最先进的机器翻译(MT)系统通过考虑孤立的句子来翻译文档,而忽略句子级别以外的信息。因此,机器翻译文档中经常存在语篇连贯和衔接的问题。最近,在机器翻译输出的评估和质量估计中,一些举措试图检测话语问题,以评估这些机器翻译的质量。然而,仍然需要对机器翻译输出中的语篇现象进行定量分析,以便更好地理解这些现象,并确定可能的解决方案或改进评估的方法。本文旨在回答以下问题:话语现象对机器翻译质量的影响是什么?我们能否在机器翻译输出中捕获和定量测量与话语相关的任何问题?为了回答这些问题,我们对几种话语现象进行了定量分析,并将结果与自动翻译质量评估指标的得分相关联。我们表明,与话语现象相关的数字与质量分数的相关性高于广泛用于机器翻译质量估计的基线计数。

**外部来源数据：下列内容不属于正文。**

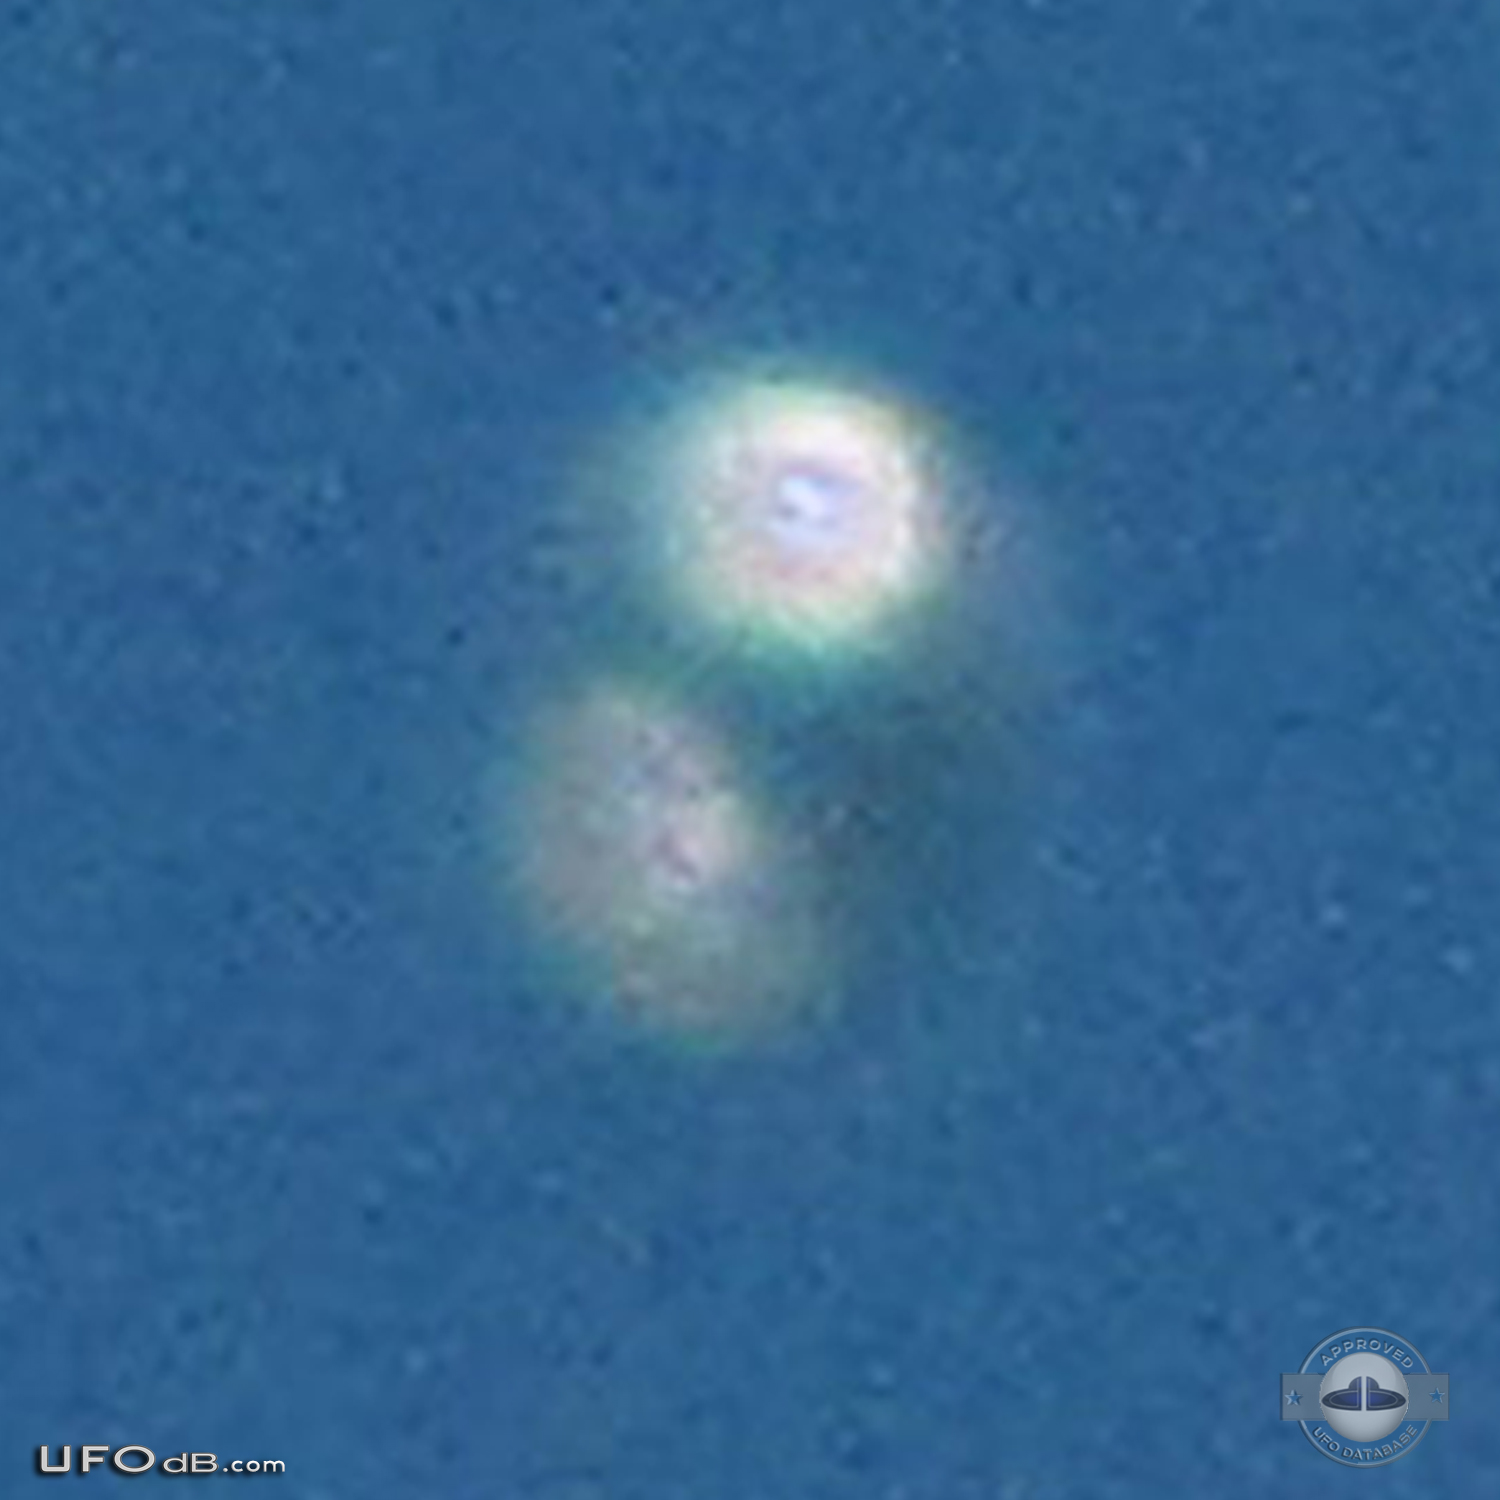 Donut shaped UFO with glowing silver material over Scituate Ma US 2012 UFO Picture #481-6

本文章由计算机程序翻译,如有差异,请以英文原文为准。
查看原文
分享 分享
微信好友 朋友圈 QQ好友 复制链接
本刊更多论文
A Quantitative Analysis of Discourse Phenomena in Machine Translation
State-of-the-art Machine Translation (MT) systems translate documents by considering isolated sentences, disregarding information beyond sentence level. As a result, machine-translated documents often contain problems related to discourse coherence and cohesion. Recently, some initiatives in the evaluation and quality estimation of MT outputs have attempted to detect discourse problems in order to assess the quality of these machine translations. However, a quantitative analysis of discourse phenomena in MT outputs is still needed in order to better understand the phenomena and identify possible solutions or ways to improve evaluation. This paper aims to answer the following questions: What is the impact of discourse phenomena on MT quality? Can we capture and measure quantitatively any issues related to discourse in MT outputs? In order to answer these questions, we present a quantitative analysis of several discourse phenomena and correlate the resulting figures with scores from automatic translation quality evaluation metrics. We show that figures related to discourse phenomena present a higher correlation with quality scores than the baseline counts widely used for quality estimation of MT.
求助全文
通过发布文献求助,成功后即可免费获取论文全文。 去求助
来源期刊
自引率
0.00%
发文量
11
审稿时长
12 weeks
期刊最新文献
Référence multimodale dans les narrations d’enfants : les gestes servent-ils à clarifier les expressions référentielles ambiguës ? Subject Clitics and the Dynamics of Writing: A Perspective Based on Bursts « Be proud, and loud » : marqueurs de fierté dans les discours oraux de drag queens Ancrage spatial d’un nouveau référent dans le récit en français et en chinois : perspective informationnelle et organisation discursive Anaphoric Distance in Oral and Written Language: Experimental Evidence
×
引用
GB/T 7714-2015
复制
MLA
复制
APA
复制
导出至
BibTeX EndNote RefMan NoteFirst NoteExpress
×
×
提示
您的信息不完整,为了账户安全,请先补充。
现在去补充
×
提示
您因"违规操作"
具体请查看互助需知
我知道了
×
提示
现在去查看 取消
×
提示
确定
0
微信
客服QQ
Book学术公众号 扫码关注我们
反馈
×
意见反馈
请填写您的意见或建议
请填写您的手机或邮箱
已复制链接
已复制链接
快去分享给好友吧!
我知道了
×
扫码分享
扫码分享
Book学术官方微信
Book学术文献互助
Book学术文献互助群
群 号:481959085
Book学术
文献互助 智能选刊 最新文献 互助须知 联系我们:info@booksci.cn
Book学术提供免费学术资源搜索服务,方便国内外学者检索中英文文献。致力于提供最便捷和优质的服务体验。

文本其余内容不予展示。